从这里可以看到，DirectKafkaInputDStream类的start方法，仅仅是次去获取Kafka topic当前消费组的offset位置，stop方法，是将Kafka Consumer对象关闭然后释放资源。追踪一下start和stop方法被调用情况发现，这两个方法是在DStreamGraph类中，执行start的时候被调用一次。

org.apache.spark.streaming.DStreamGraph

  def start(time: Time) {
    this.synchronized {
      require(zeroTime == null, "DStream graph computation already started")
      zeroTime = time
      startTime = time
      outputStreams.foreach(_.initialize(zeroTime))
      outputStreams.foreach(_.remember(rememberDuration))
      outputStreams.foreach(_.validateAtStart())
      numReceivers = inputStreams.count(_.isInstanceOf[ReceiverInputDStream[_]])
      inputStreamNameAndID = inputStreams.map(is => (is.name, is.id))
      inputStreams.par.foreach(_.start())
    }
  }
复制代码

因此start方法仅仅只是用于启动时初始化某些参数的，比如DirectKafkaInputDStream就是用于获取消费组上次消费停止的offset位置。

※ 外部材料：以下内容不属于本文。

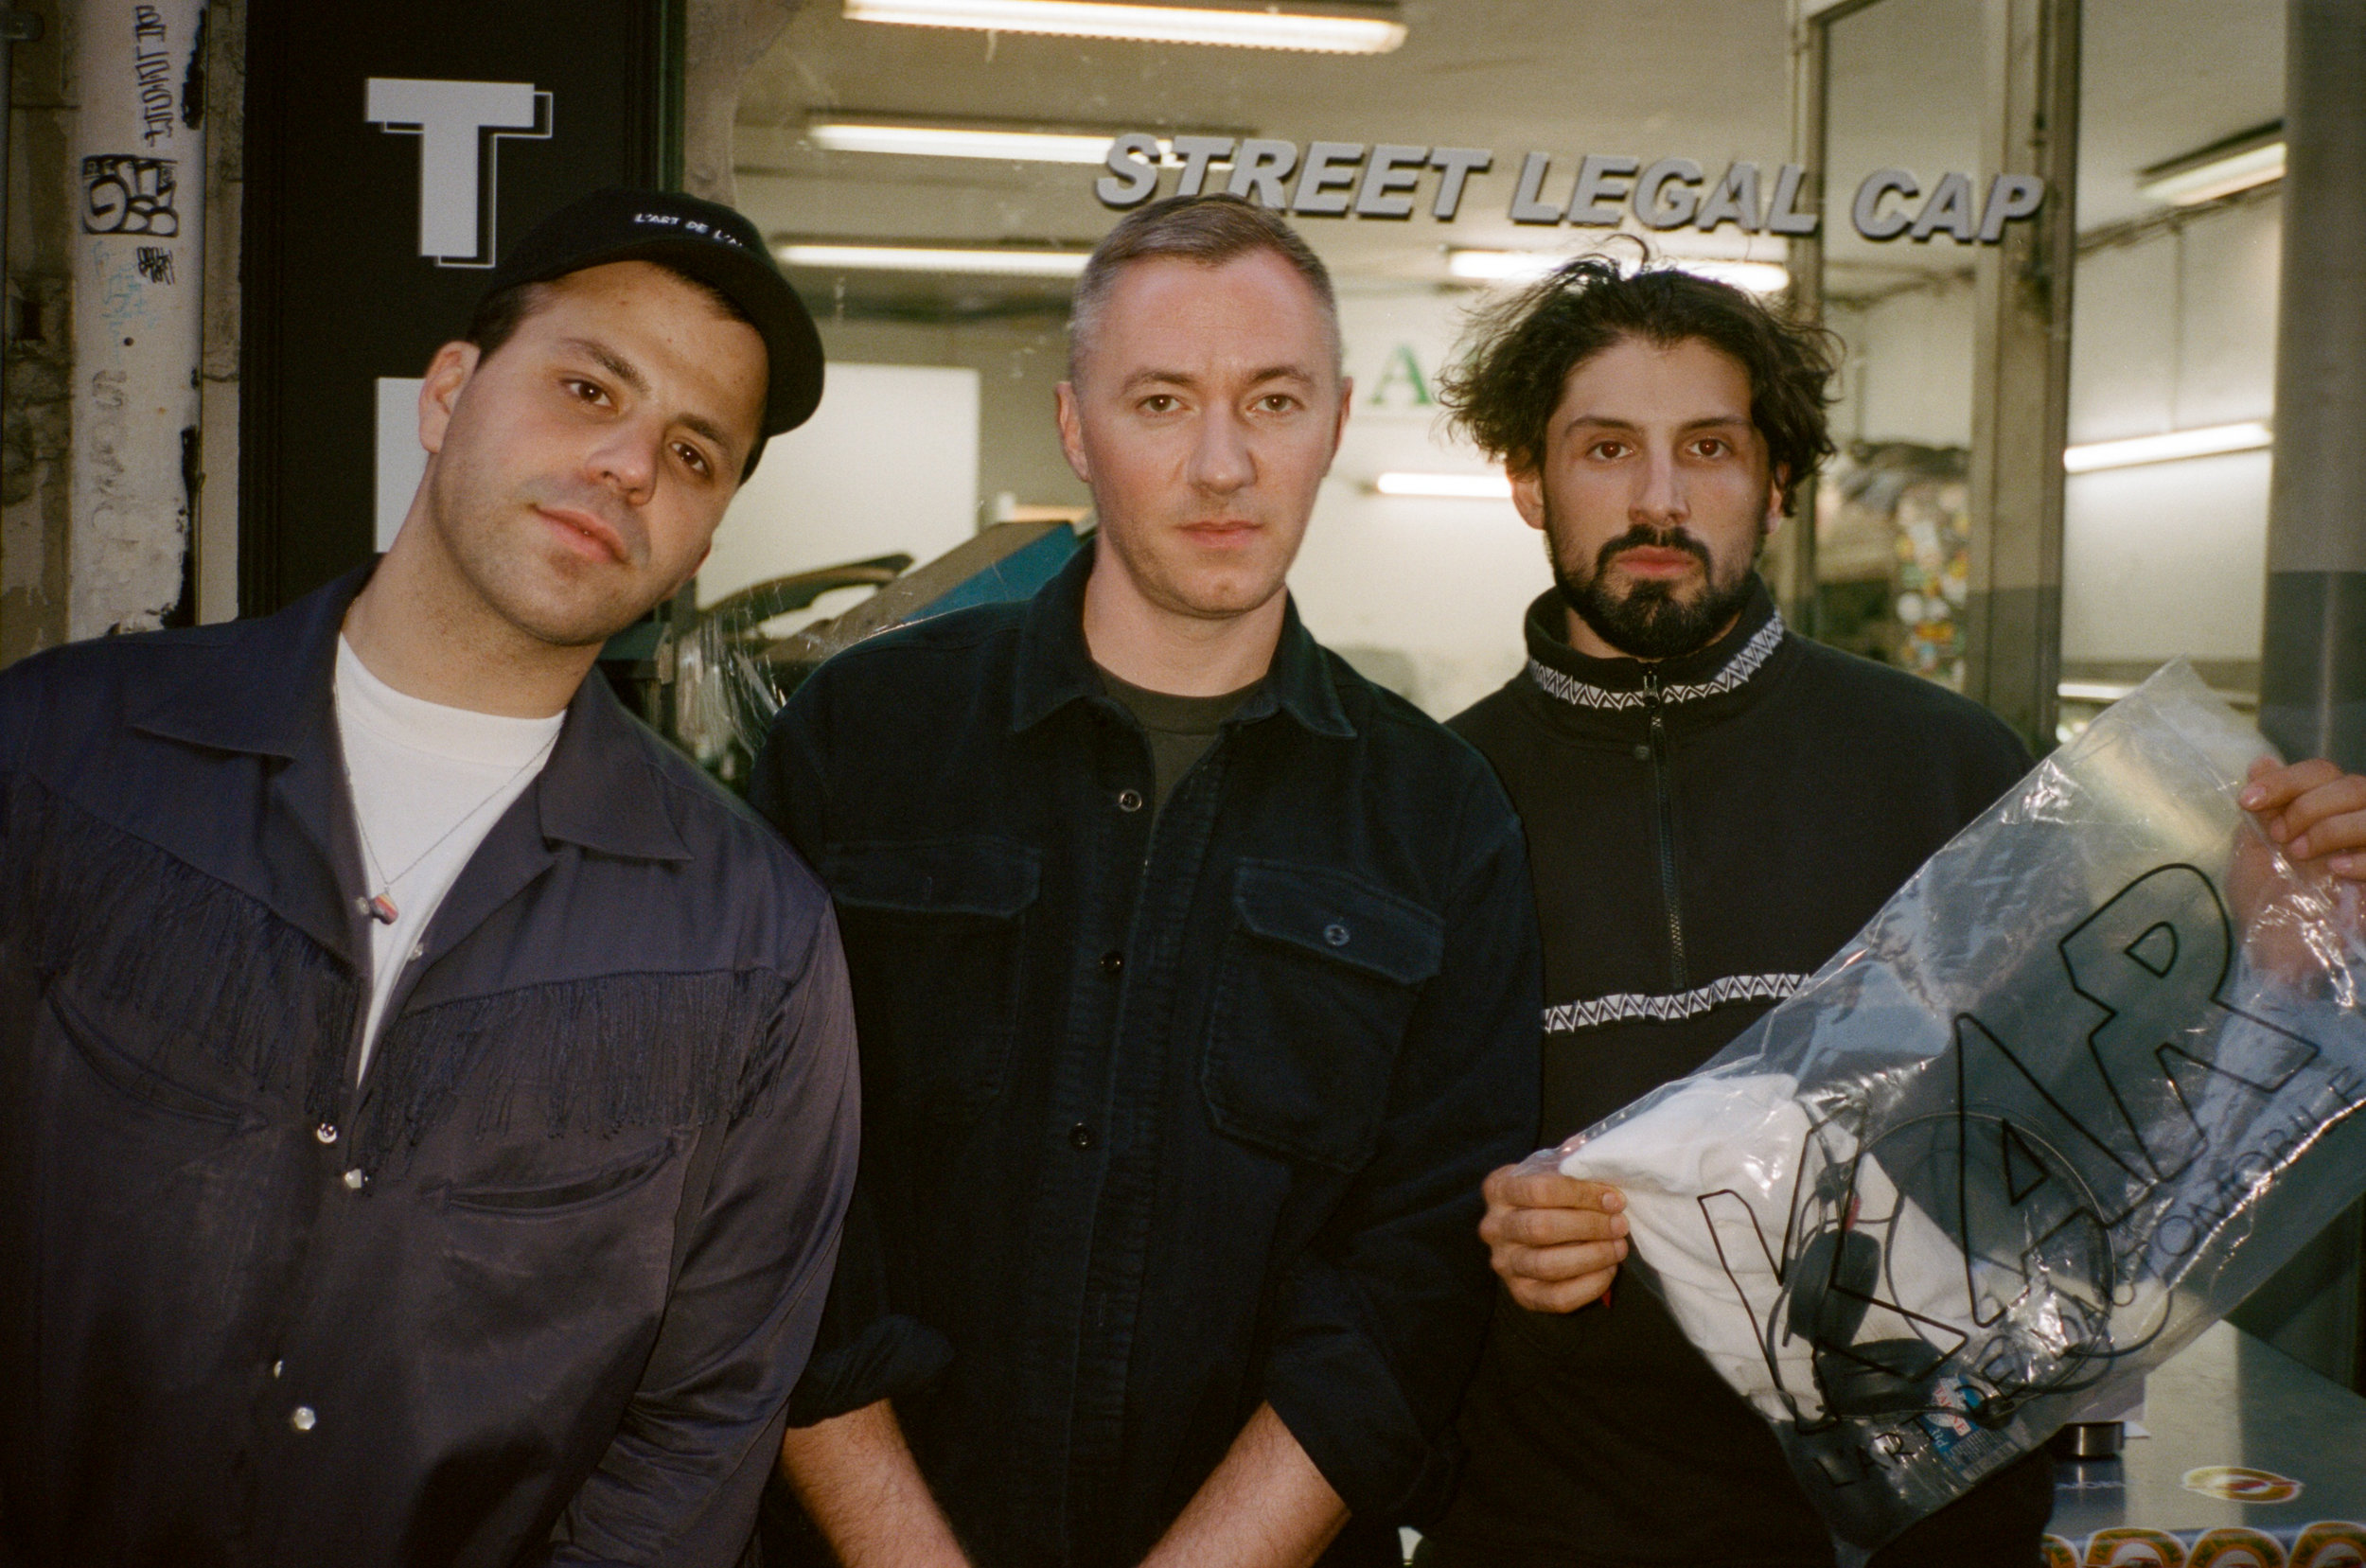 L'art de L'automobile DJ team: Sweetboydaniel Benji B Pedro Cavaliere
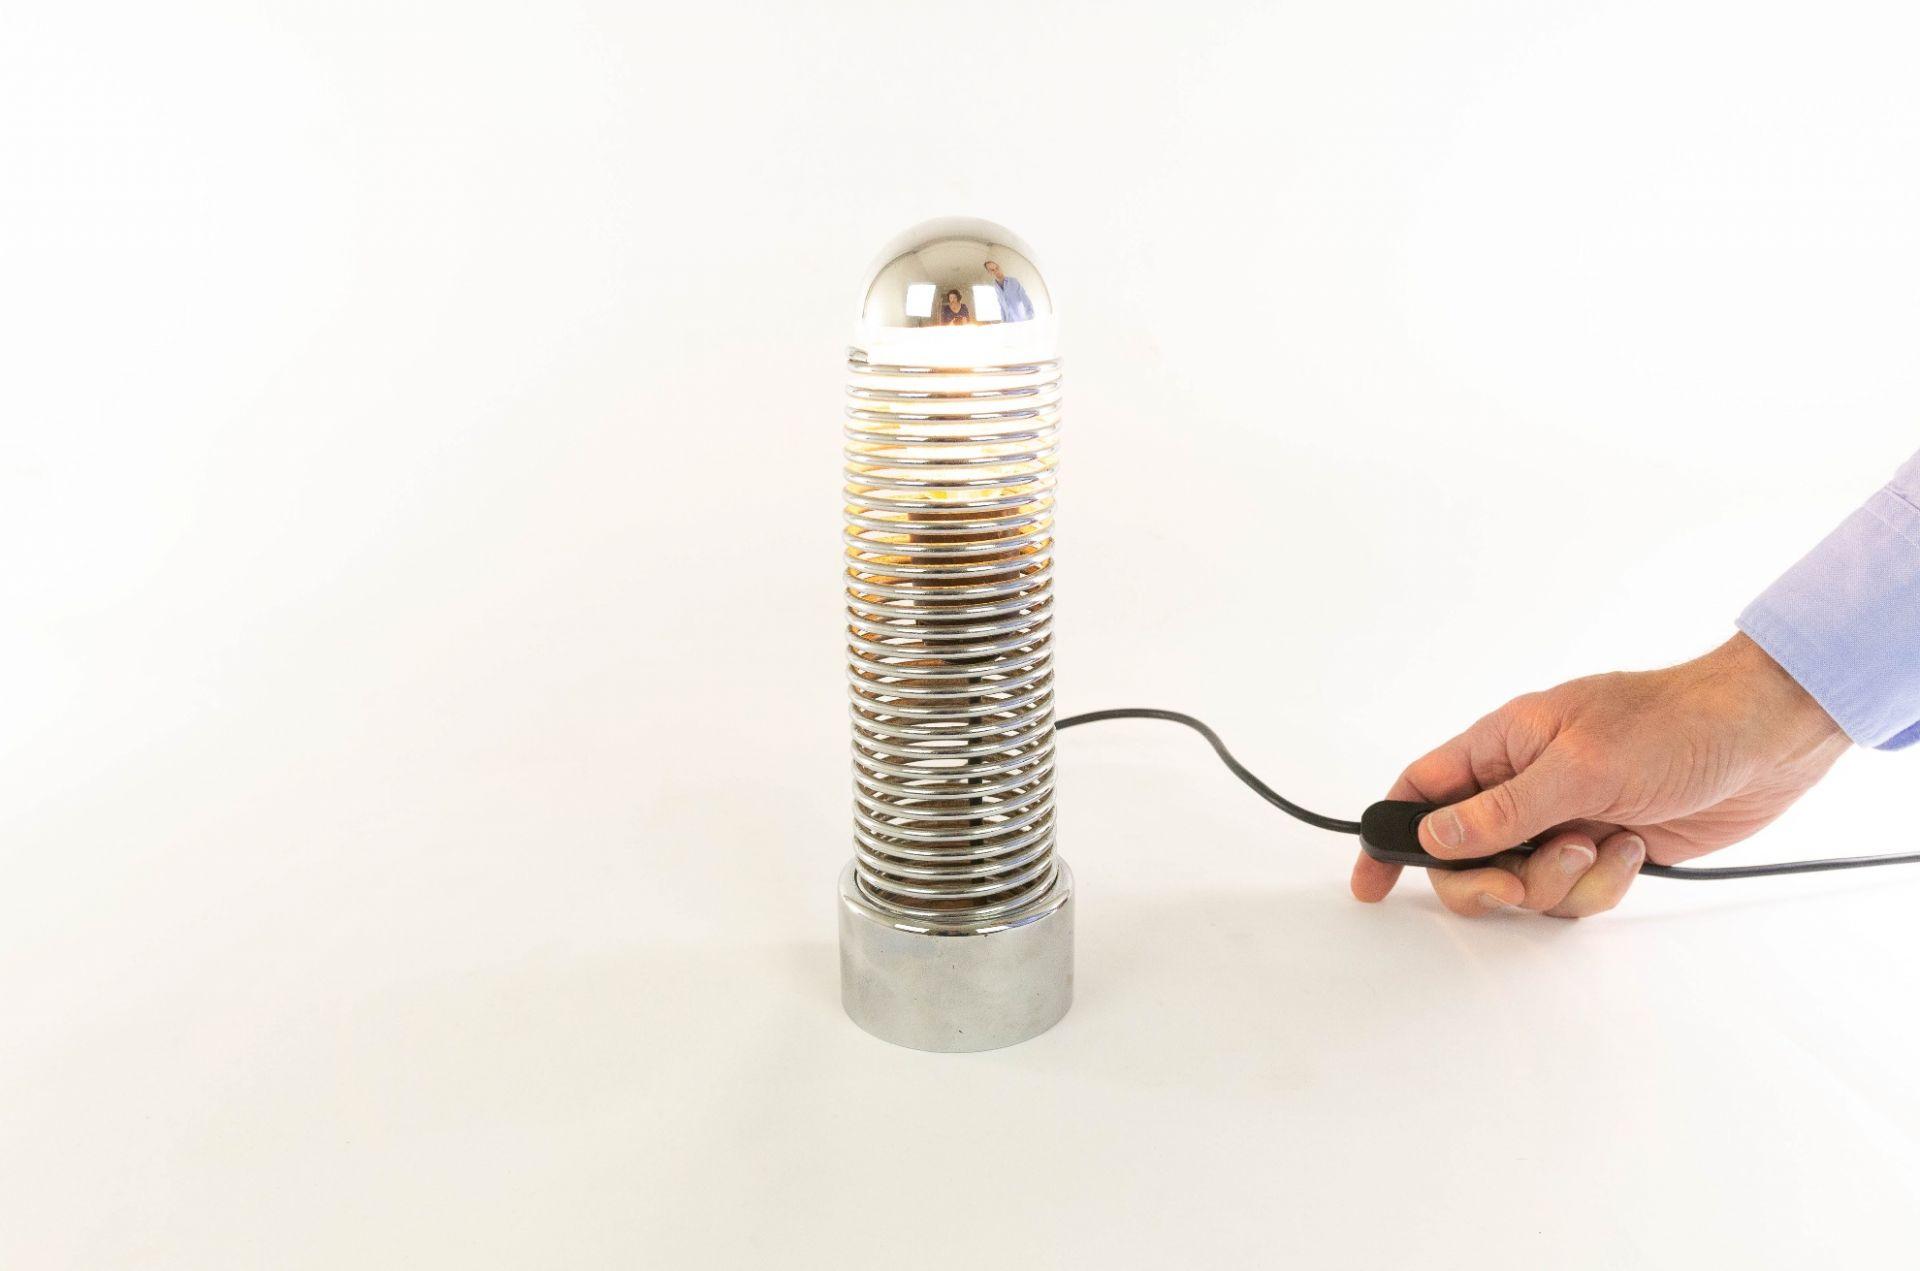 Jo-Jo Chrome table lamp by Heinz Brenker for Harvey Guzzini, 1971

stop方法用于释放资源的。

我们从流任务启动入口去找，即StreamingContext的start方法。

/**
   * Start the execution of the streams.
   *
   * @throws IllegalStateException if the StreamingContext is already stopped.
   */
  def start(): Unit = synchronized {
    state match {
      case INITIALIZED =>
        startSite.set(DStream.getCreationSite())
        StreamingContext.ACTIVATION_LOCK.synchronized {
          StreamingContext.assertNoOtherContextIsActive()
          try {
            validate()

            // Start the streaming scheduler in a new thread, so that thread local properties
            // like call sites and job groups can be reset without affecting those of the
            // current thread.
            ThreadUtils.runInNewThread("streaming-start") {
              sparkContext.setCallSite(startSite.get)
              sparkContext.clearJobGroup()
              sparkContext.setLocalProperty(SparkContext.SPARK_JOB_INTERRUPT_ON_CANCEL, "false")
              savedProperties.set(SerializationUtils.clone(sparkContext.localProperties.get()))
              scheduler.start()
            }
            state = StreamingContextState.ACTIVE
            scheduler.listenerBus.post(
              StreamingListenerStreamingStarted(System.currentTimeMillis()))
          } catch {
            case NonFatal(e) =>
              logError("Error starting the context, marking it as stopped", e)
              scheduler.stop(false)
              state = StreamingContextState.STOPPED
              throw e
          }
          StreamingContext.setActiveContext(this)
        }
        logDebug("Adding shutdown hook") // force eager creation of logger
        shutdownHookRef = ShutdownHookManager.addShutdownHook(
          StreamingContext.SHUTDOWN_HOOK_PRIORITY)(() => stopOnShutdown())
        // Registering Streaming Metrics at the start of the StreamingContext
        assert(env.metricsSystem != null)
        env.metricsSystem.registerSource(streamingSource)
        uiTab.foreach(_.attach())
        logInfo("StreamingContext started")
      case ACTIVE =>
        logWarning("StreamingContext has already been started")
      case STOPPED =>
        throw new IllegalStateException("StreamingContext has already been stopped")
    }
  }
复制代码

其中里面主要的是scheduler.start()，追踪调用链如下：

其中graph.start(startTime - graph.batchDuration)，就是调用DStreamGraph的start方法，上面已经分析过，会调用到InputDStream的start方法。主要核心的是timer.start(startTime.milliseconds)，我们先看下这个timer是什么对象。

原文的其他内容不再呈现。